- **What you need to do**
Your output consists solely of the lines from the one that contains "DSC6205 - Kimchi" to the end of the material, each reproduced exactly; pictures do not belong in it.

- **Dataset section**
========================
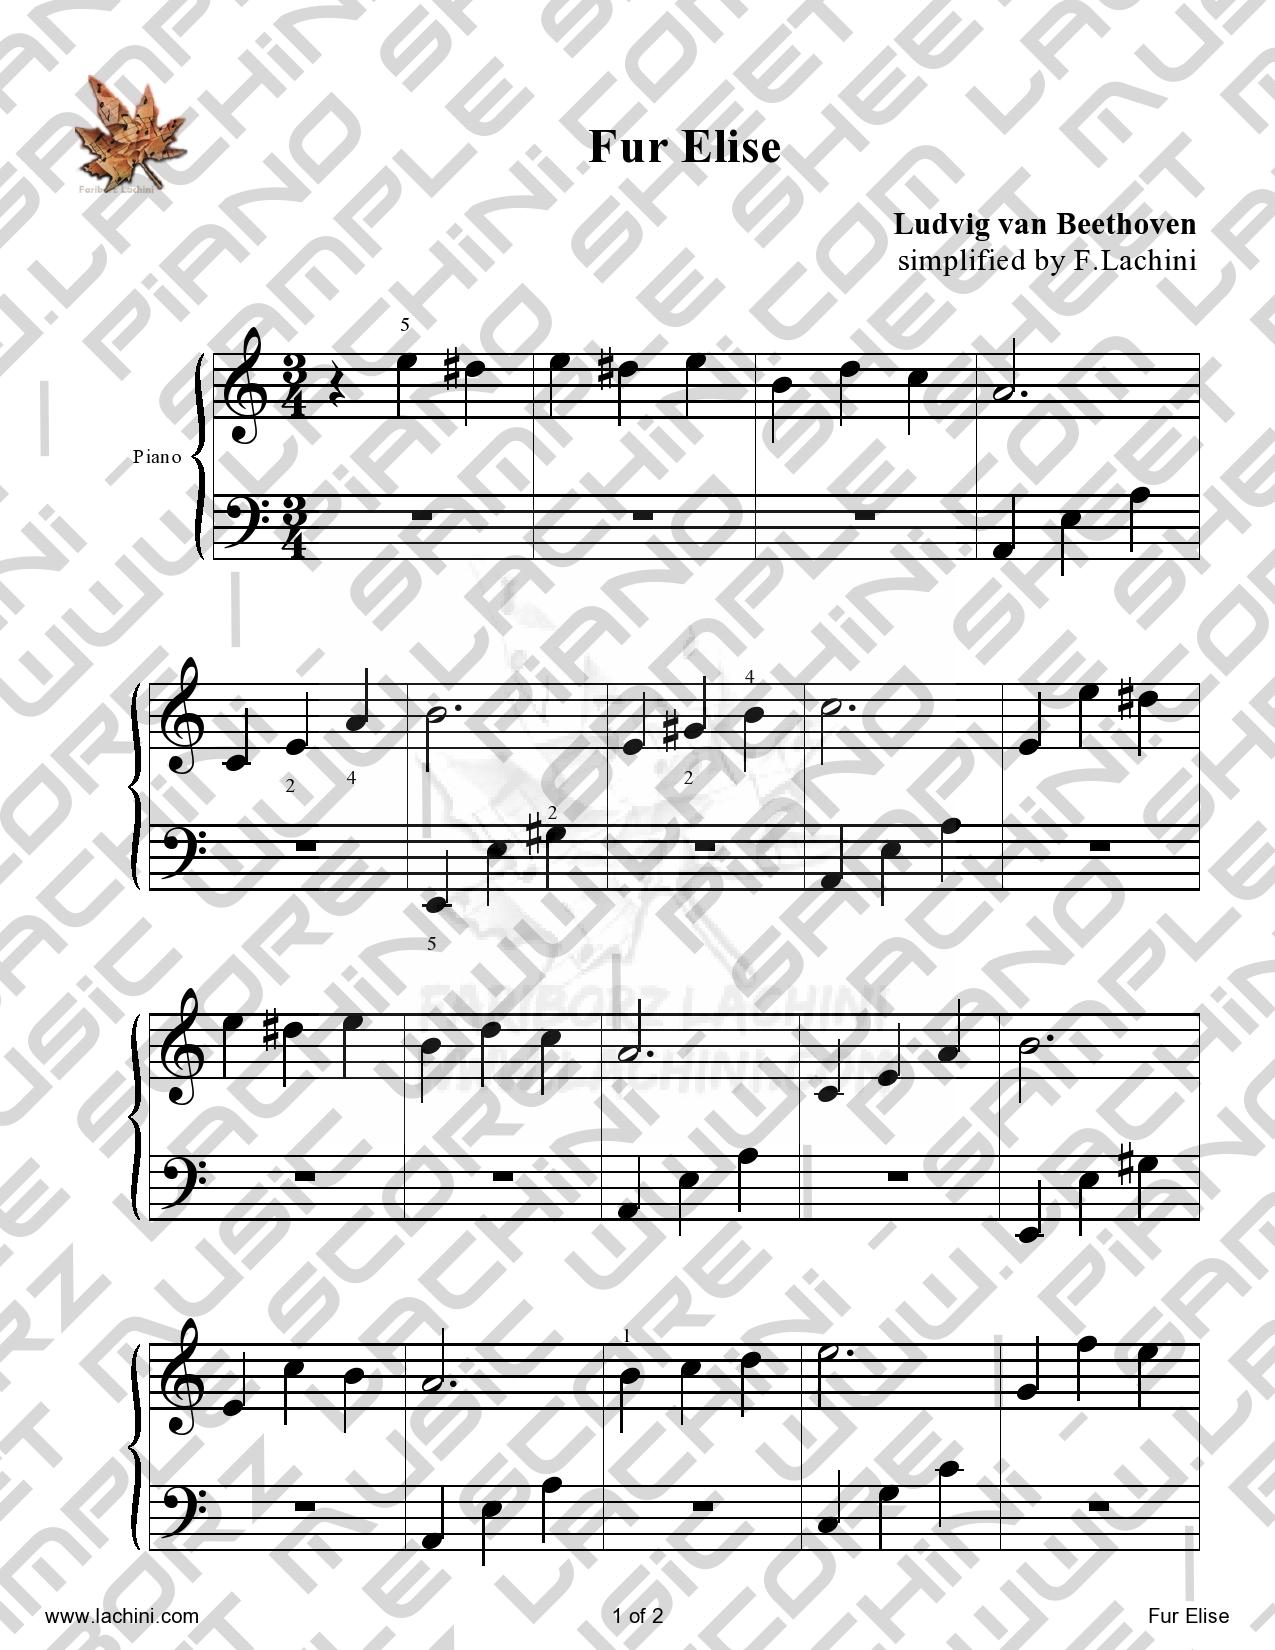 fur elise piano sheet music pdf
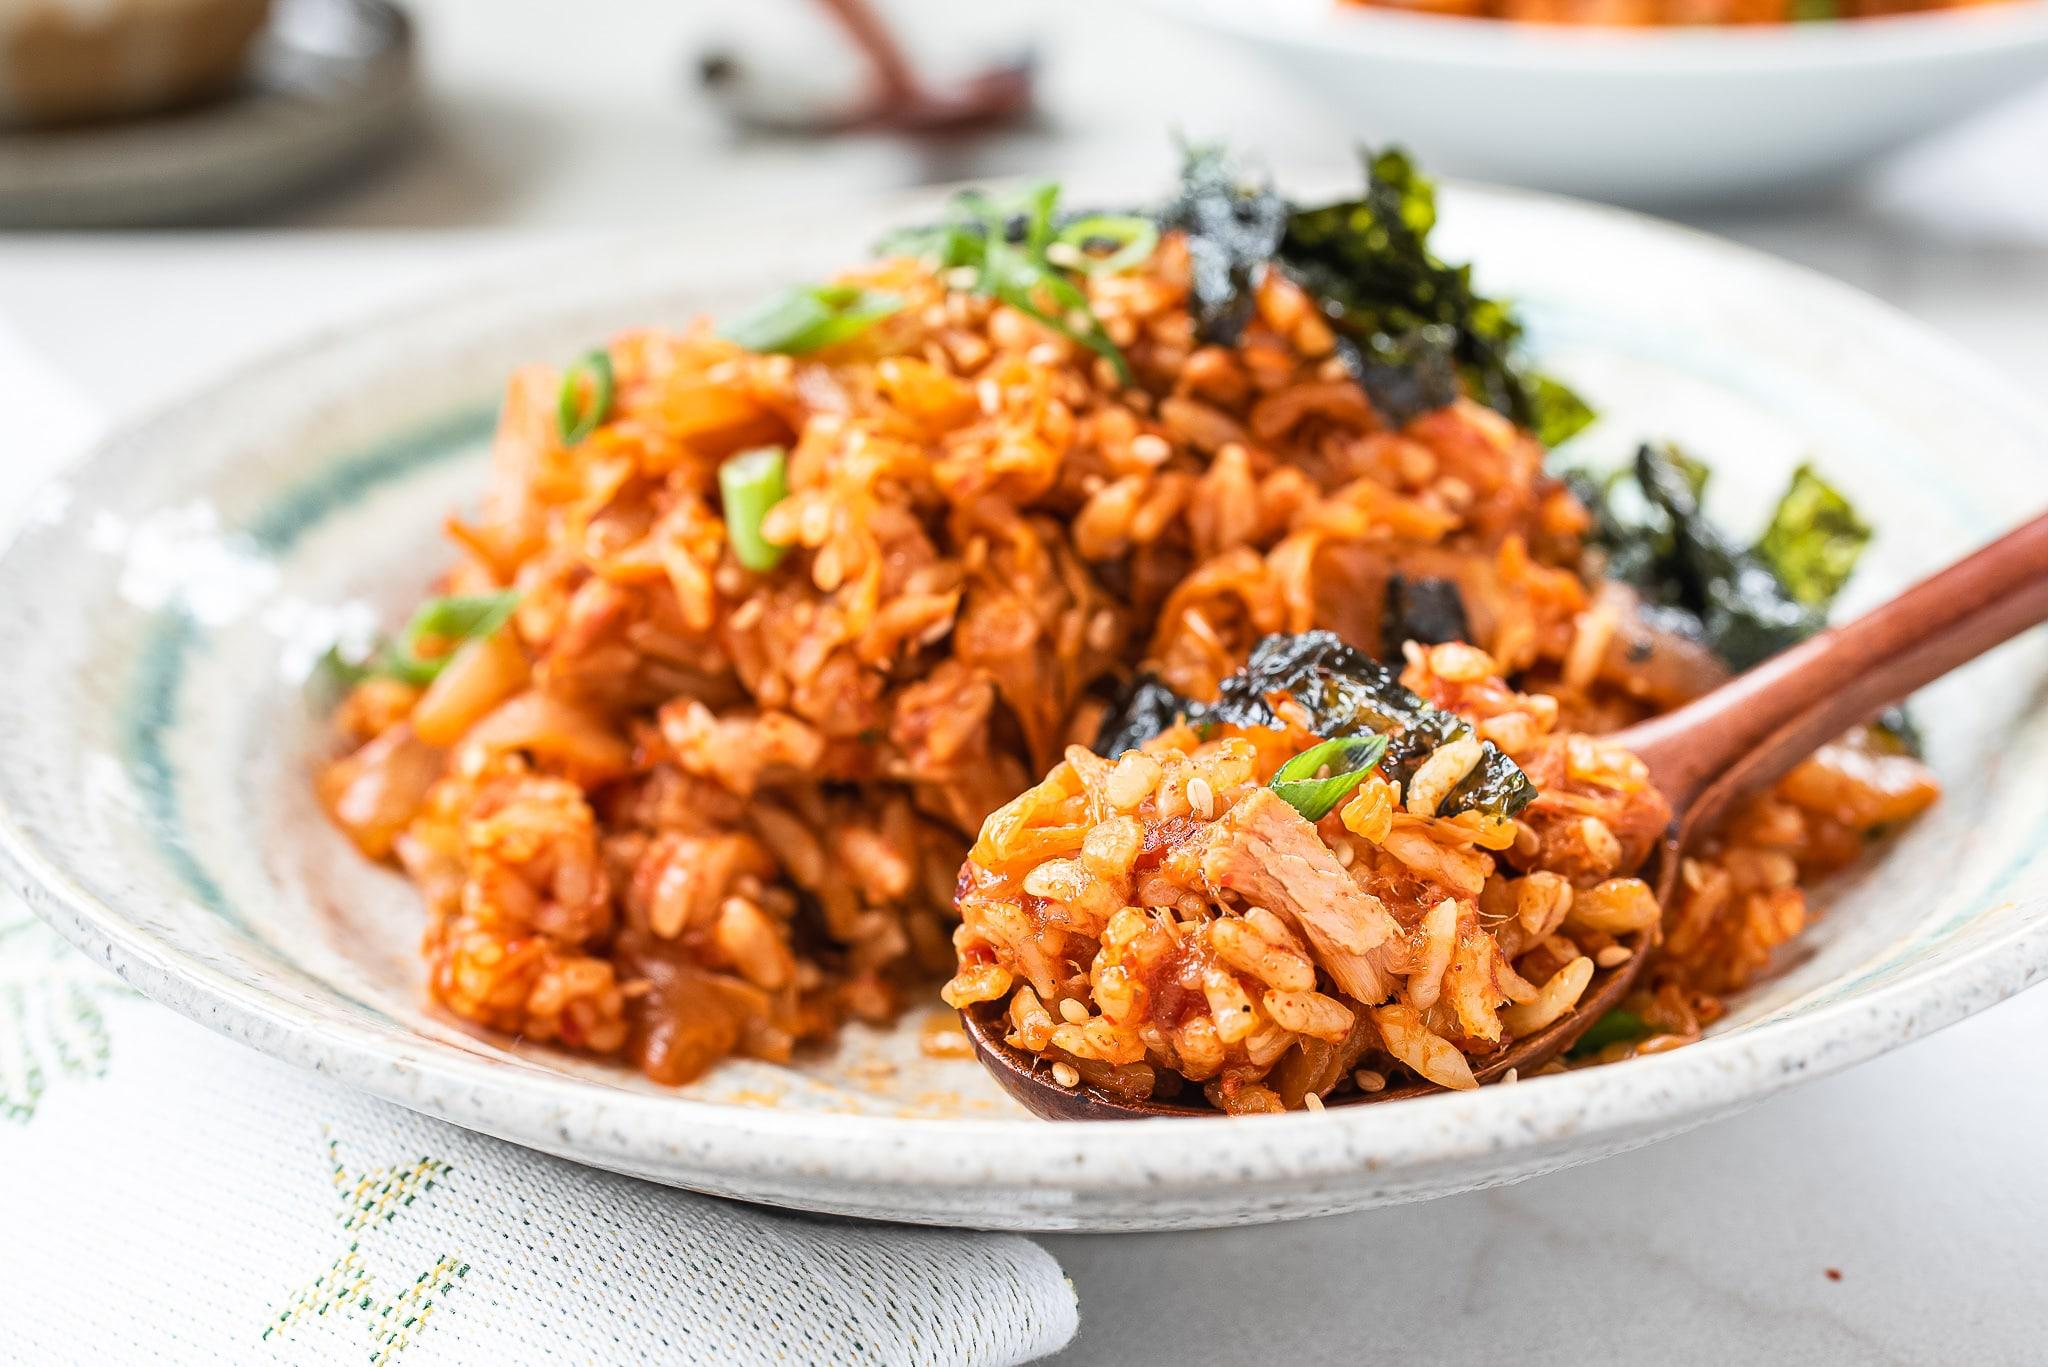 DSC6205 - Kimchi Fried Rice (Kimchi Bokkeum Bap)
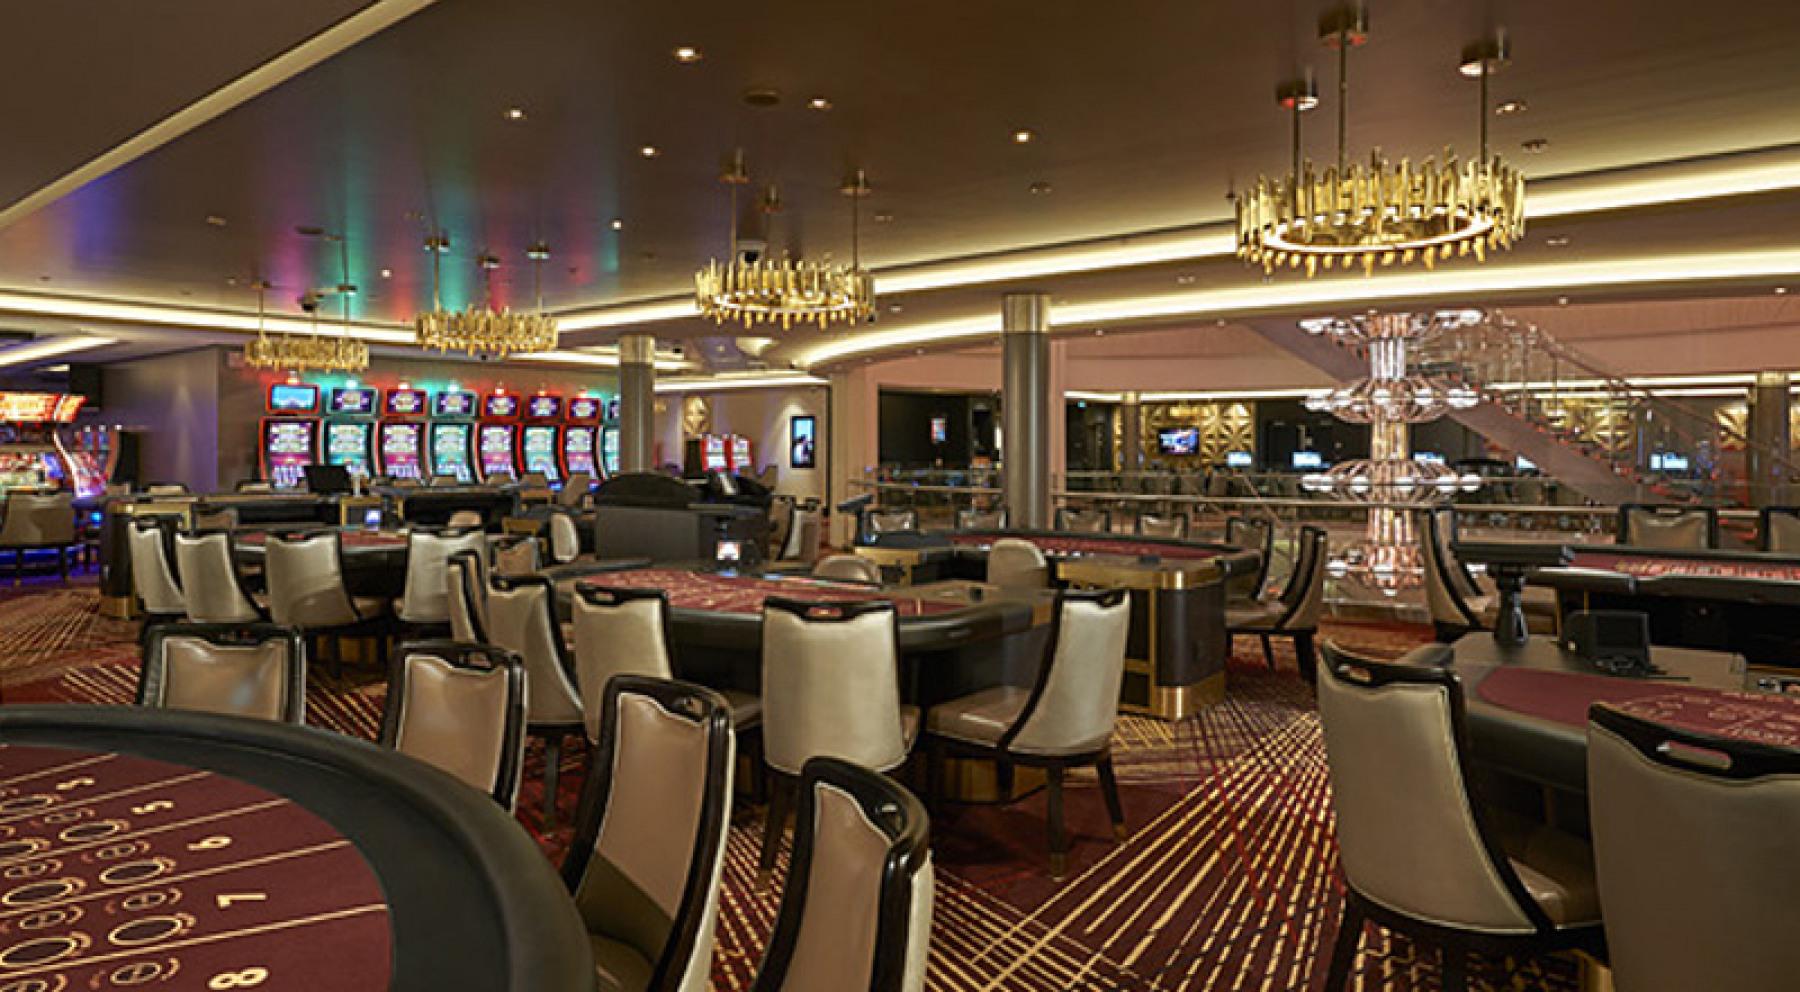 Norwegian Cruise Lines Norwegian Joy Interior Casino.jpg
========================
- **Answer for this exercise**
 DSC6205 - Kimchi Fried Rice (Kimchi Bokkeum Bap)
 Norwegian Cruise Lines Norwegian Joy Interior Casino.jpg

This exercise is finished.